JOSÉ RODRÍGUEZ ESCOBAR

Año de 1986. El viernes 3 de octubre de este mismo año era enterrado en el cementerio de Sevilla, don José Rodríguez Escobar. Su féretro estaba cubierto con la bandera verde y blanca, la bandera de Andalucía, mientras tanto, en Fuentes de Andalucía, ese mismo día, se vivía la monotonía de un día más.
Don José Rodríguez Escobar había venido al mundo noventa y cuatro años y dos meses antes, en Fuentes de Andalucía, a las cuatro de la madrugada del viernes 19 de agosto de 1892, en la calle San Miguel, número 17; era el penúltimo de trece hermanos; siendo alcalde de su barrio (que no del Ayuntamiento, del cual era don José María de Llera y Díaz), don Antonio López Romero. Su hermano mayor don Juan Rodríguez Escobar fue concejal por el partido Liberal desde el 1890 al 1905, (de los que tenemos datos) eran Manuel, Concepción, Encarnación y Cristóbal.
Don José Rodríguez Escobar es bautizado en la parroquia de Santa María la Blanca, y sus padres, don Justo Rodríguez González -Justo el de La Caña- y doña Encarnación Escobar Lora -ésta de treinta años de edad-, los dos naturales de Fuentes, le pusieron el nombre de: José, Alfonso, Luis del Sagrado Corazón de Jesús. Aunque él firmó siempre José.
Sus abuelos, por línea paterna, eran don Cristóbal Rodríguez Fernández y doña Concepción González Pilares; y por línea materna, don Francisco Escobar Lora y doña Catalina Lora Escobar, los cuatro, naturales de Fuentes de Andalucía.

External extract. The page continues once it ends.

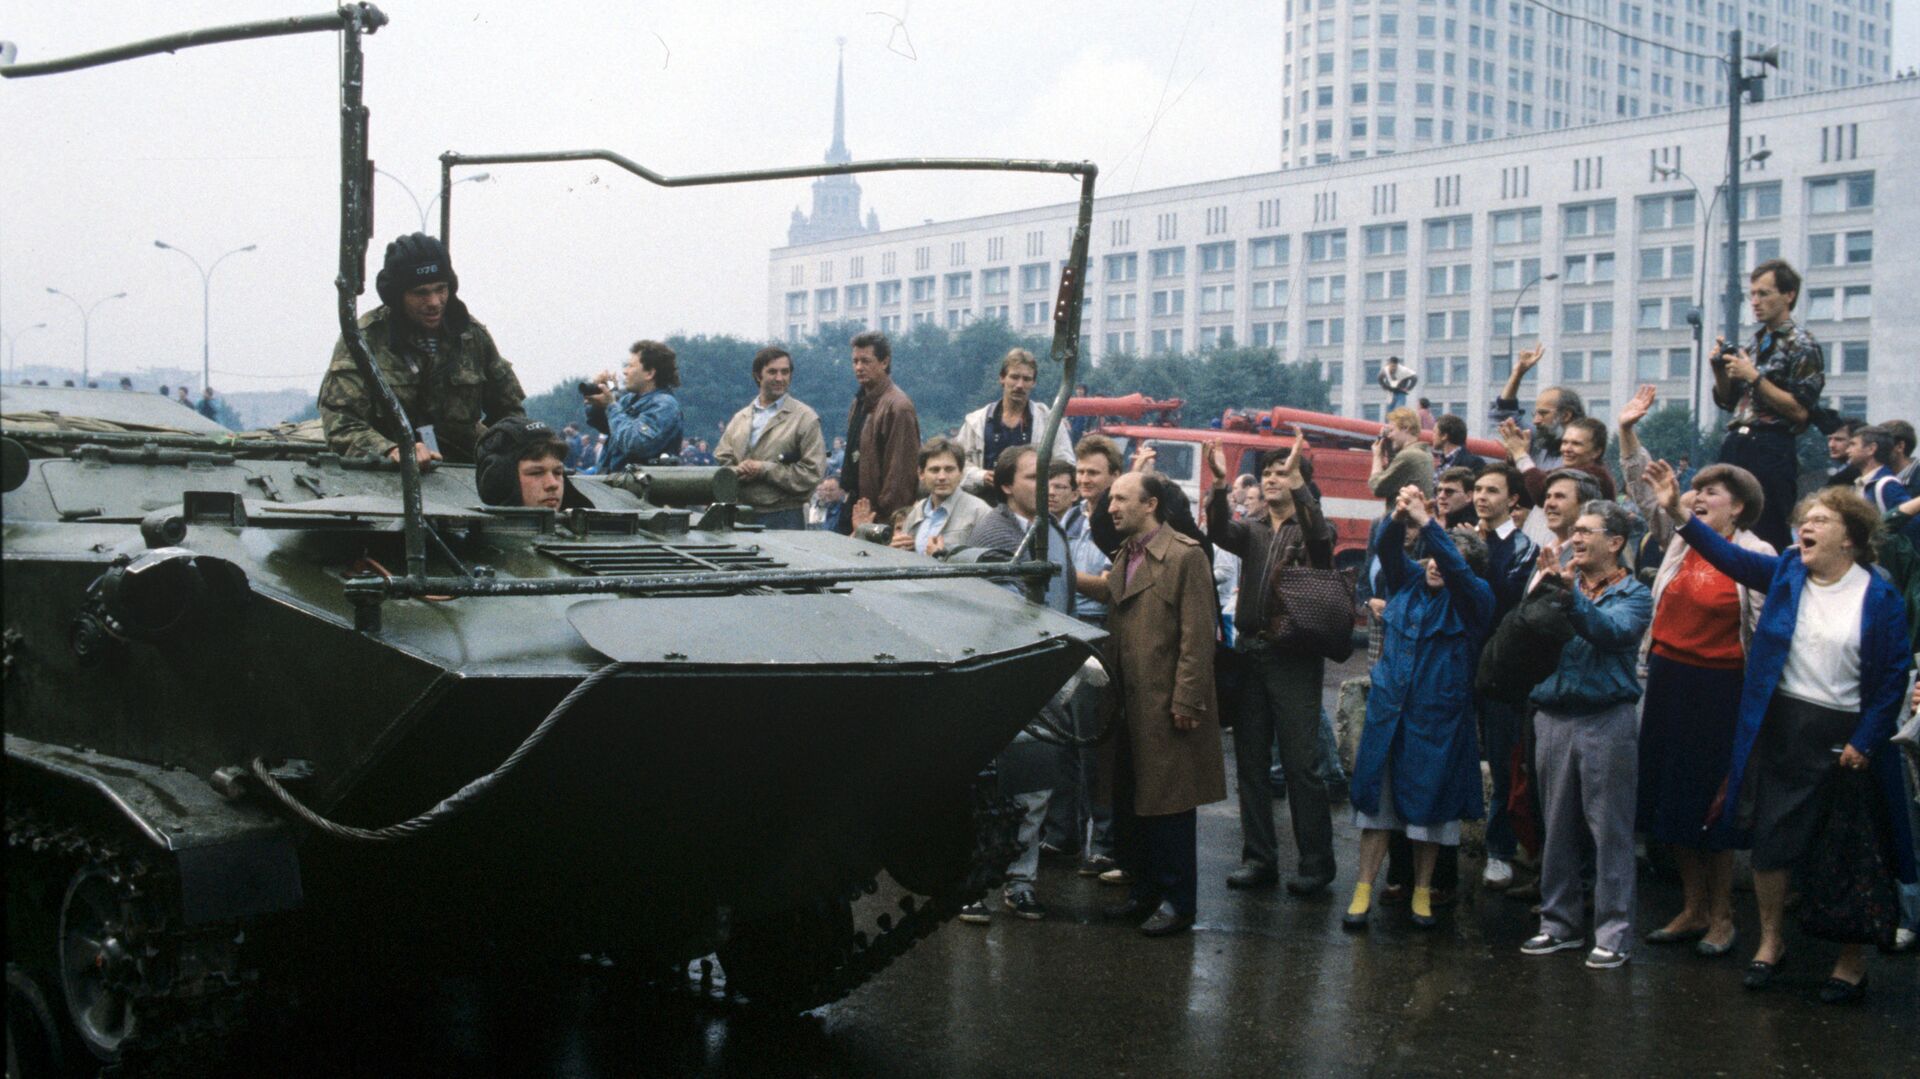 Воинские подразделения, перешедшие на сторону российского парламента, перед зданием Верховного Совета РСФСР. - Sputnik Արմենիա, 1920, 20.08.2021

Nuestro protagonista histórico se ilustra en Fuentes y sus padres procuran que consiga lo que ellos no pudieron tener. A la edad de catorce años sube al tren y se traslada a Écija, para trabajar en una tienda de tejidos cuyo mostrador era su mesa para seguir estudiando. Cuenta que los dueños del establecimiento, para ahorrar corriente eléctrica, le quitaba la bombilla (bujía) cada noche.

Después, otro trabajo en la Línea de la Concepción. Pero cuando nuestro paisano, don José Rodríguez cumple diecinueve años muere su padre, don Justo y toda la familia se trasladan a Sevilla.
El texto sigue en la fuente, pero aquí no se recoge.